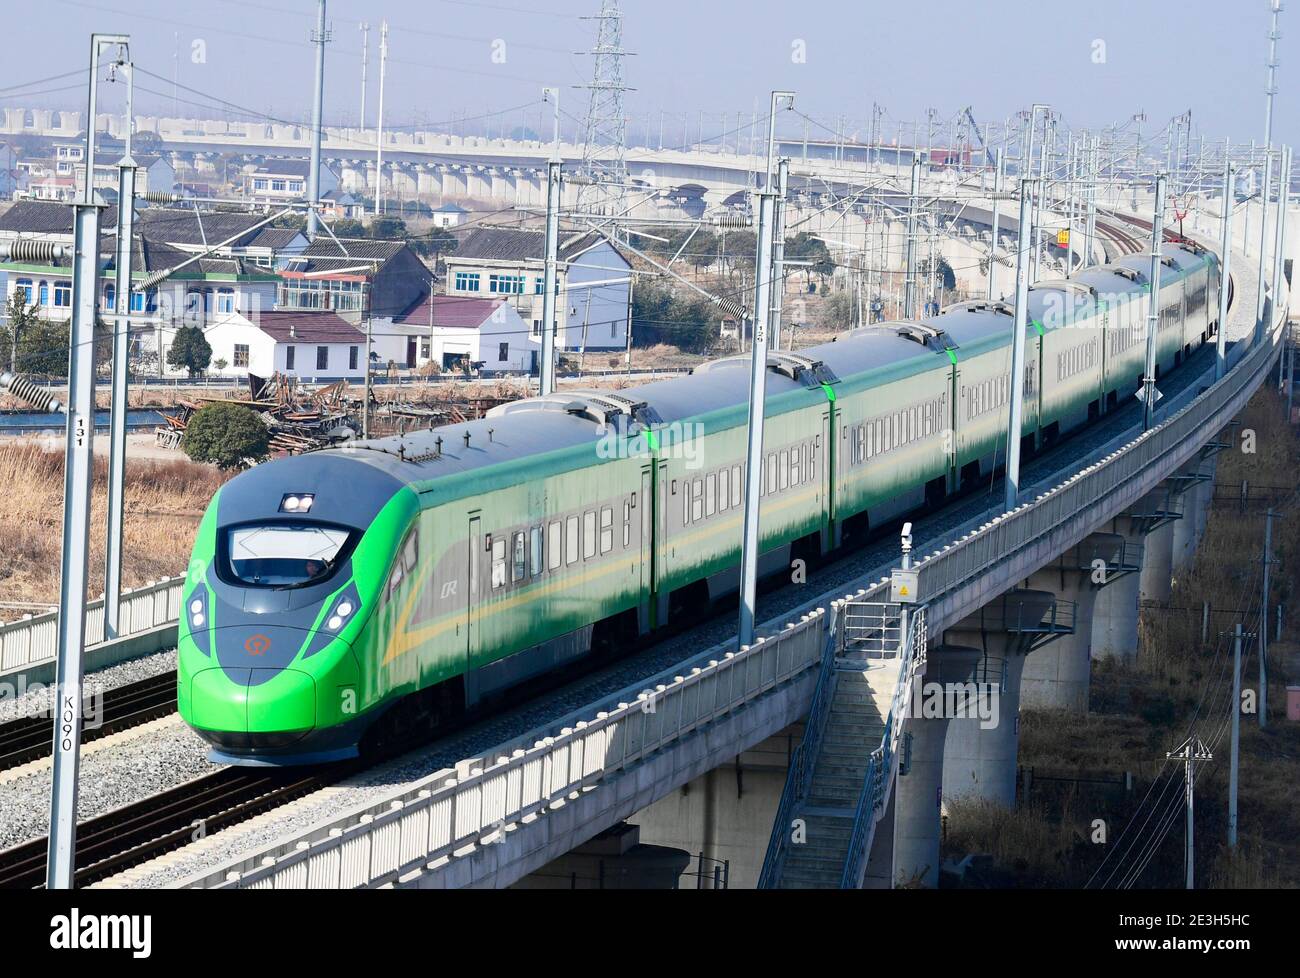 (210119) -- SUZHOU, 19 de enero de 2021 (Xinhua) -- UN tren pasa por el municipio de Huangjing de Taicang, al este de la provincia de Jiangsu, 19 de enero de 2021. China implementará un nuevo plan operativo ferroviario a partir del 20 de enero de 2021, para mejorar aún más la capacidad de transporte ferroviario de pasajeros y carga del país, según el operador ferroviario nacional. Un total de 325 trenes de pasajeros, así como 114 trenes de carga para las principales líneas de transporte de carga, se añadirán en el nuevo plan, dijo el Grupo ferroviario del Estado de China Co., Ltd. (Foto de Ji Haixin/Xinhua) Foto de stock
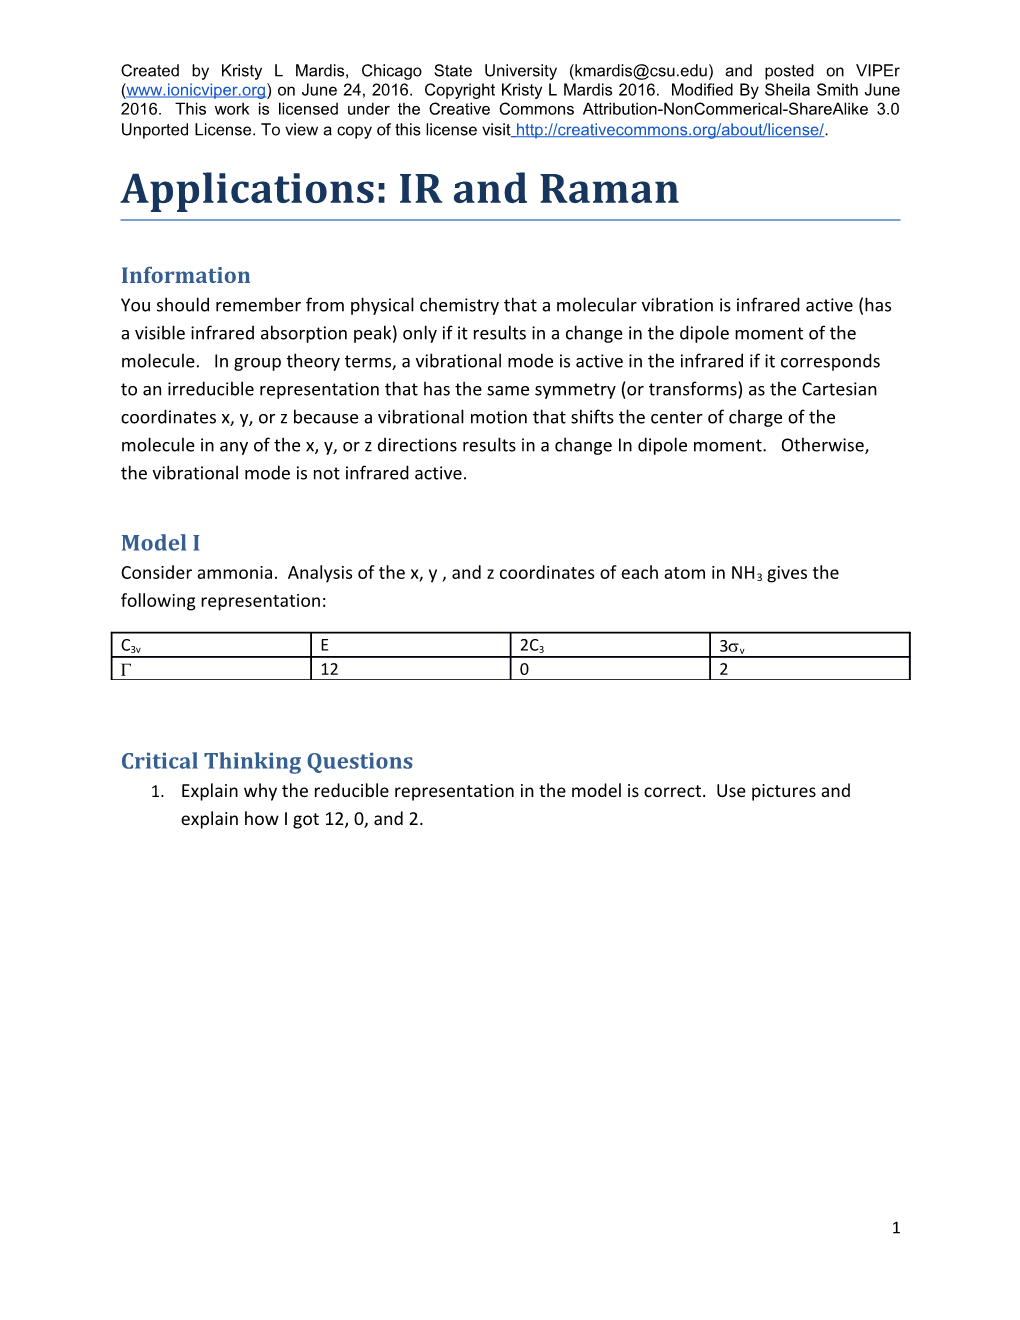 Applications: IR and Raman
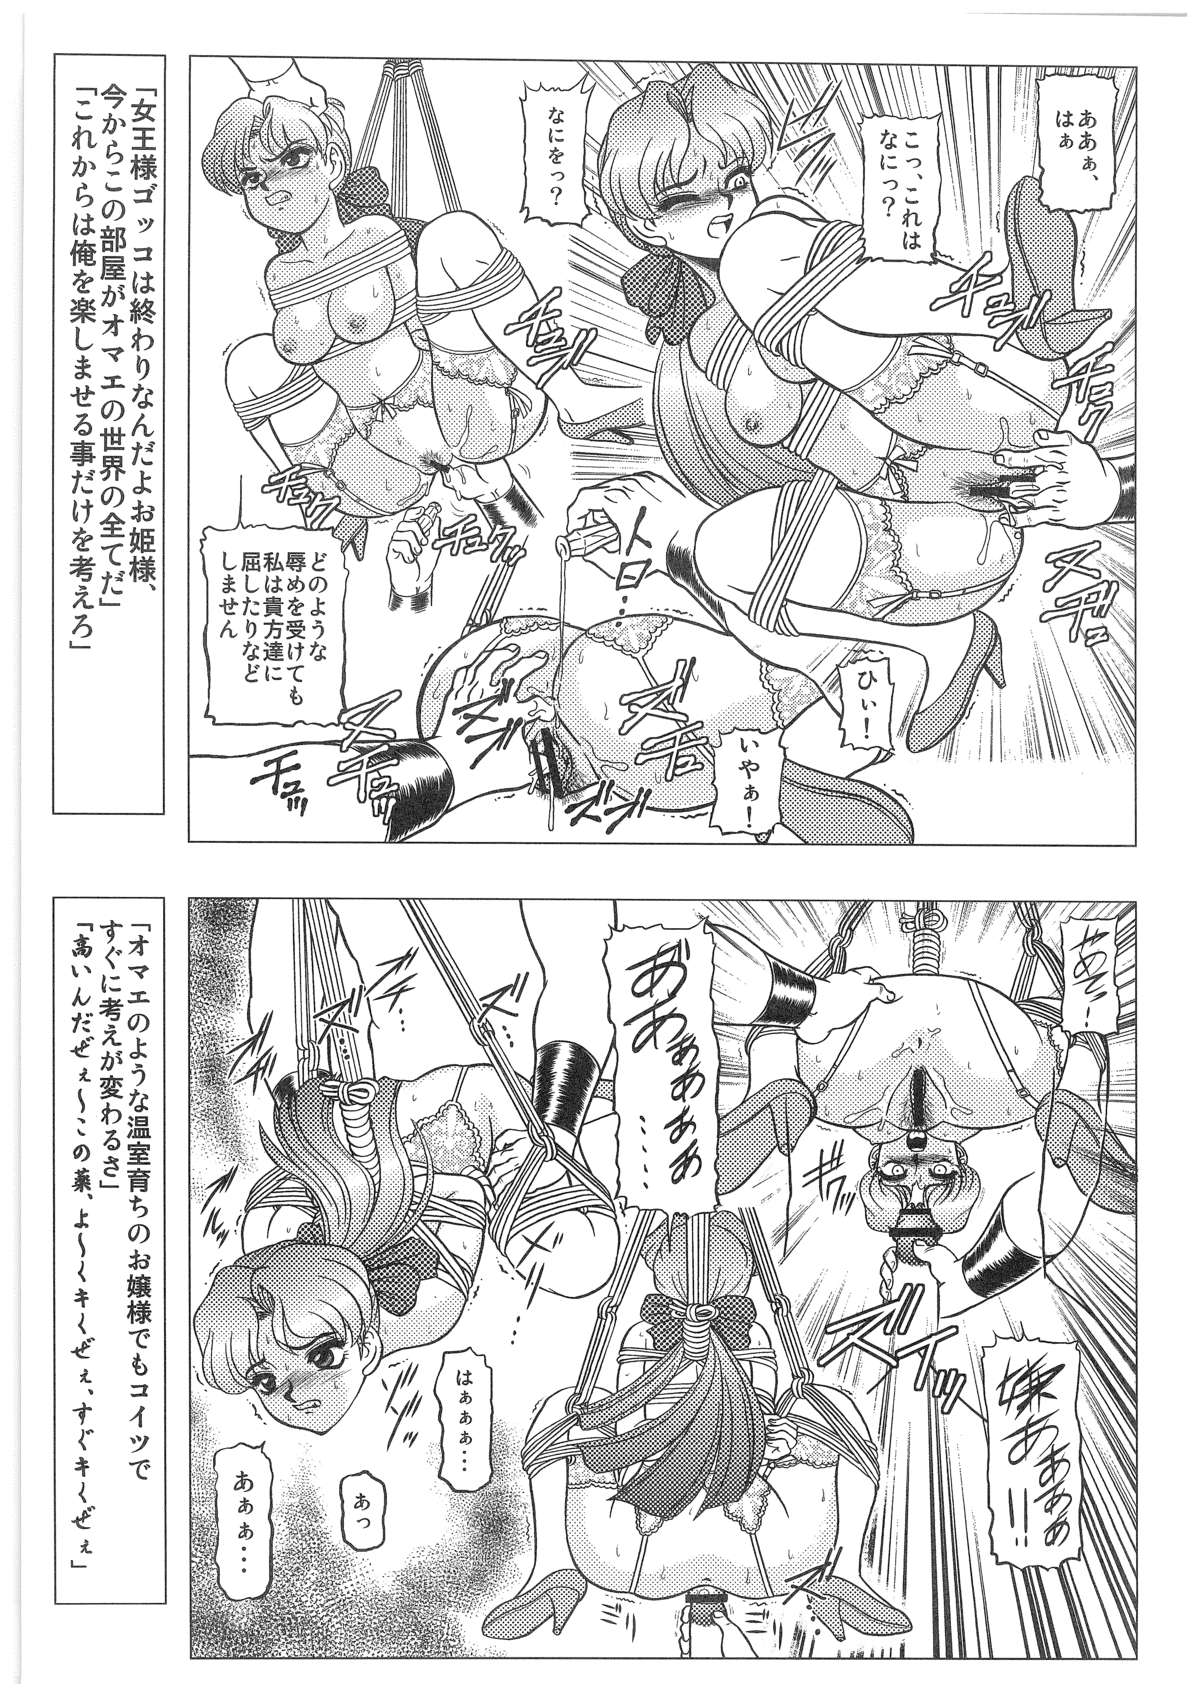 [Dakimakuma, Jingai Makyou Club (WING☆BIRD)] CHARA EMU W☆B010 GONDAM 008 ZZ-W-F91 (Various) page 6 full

Exercise objective
Reproduce the whole listing word for word, setting aside any pictures.

Expected output
 (210119) -- SUZHOU, 19 de enero de 2021 (Xinhua) -- UN tren pasa por el municipio de Huangjing de Taicang, al este de la provincia de Jiangsu, 19 de enero de 2021. China implementará un nuevo plan operativo ferroviario a partir del 20 de enero de 2021, para mejorar aún más la capacidad de transporte ferroviario de pasajeros y carga del país, según el operador ferroviario nacional. Un total de 325 trenes de pasajeros, así como 114 trenes de carga para las principales líneas de transporte de carga, se añadirán en el nuevo plan, dijo el Grupo ferroviario del Estado de China Co., Ltd. (Foto de Ji Haixin/Xinhua) Foto de stock
 Applications: IR and Raman
 [Dakimakuma, Jingai Makyou Club (WING☆BIRD)] CHARA EMU W☆B010 GONDAM 008 ZZ-W-F91 (Various) page 6 full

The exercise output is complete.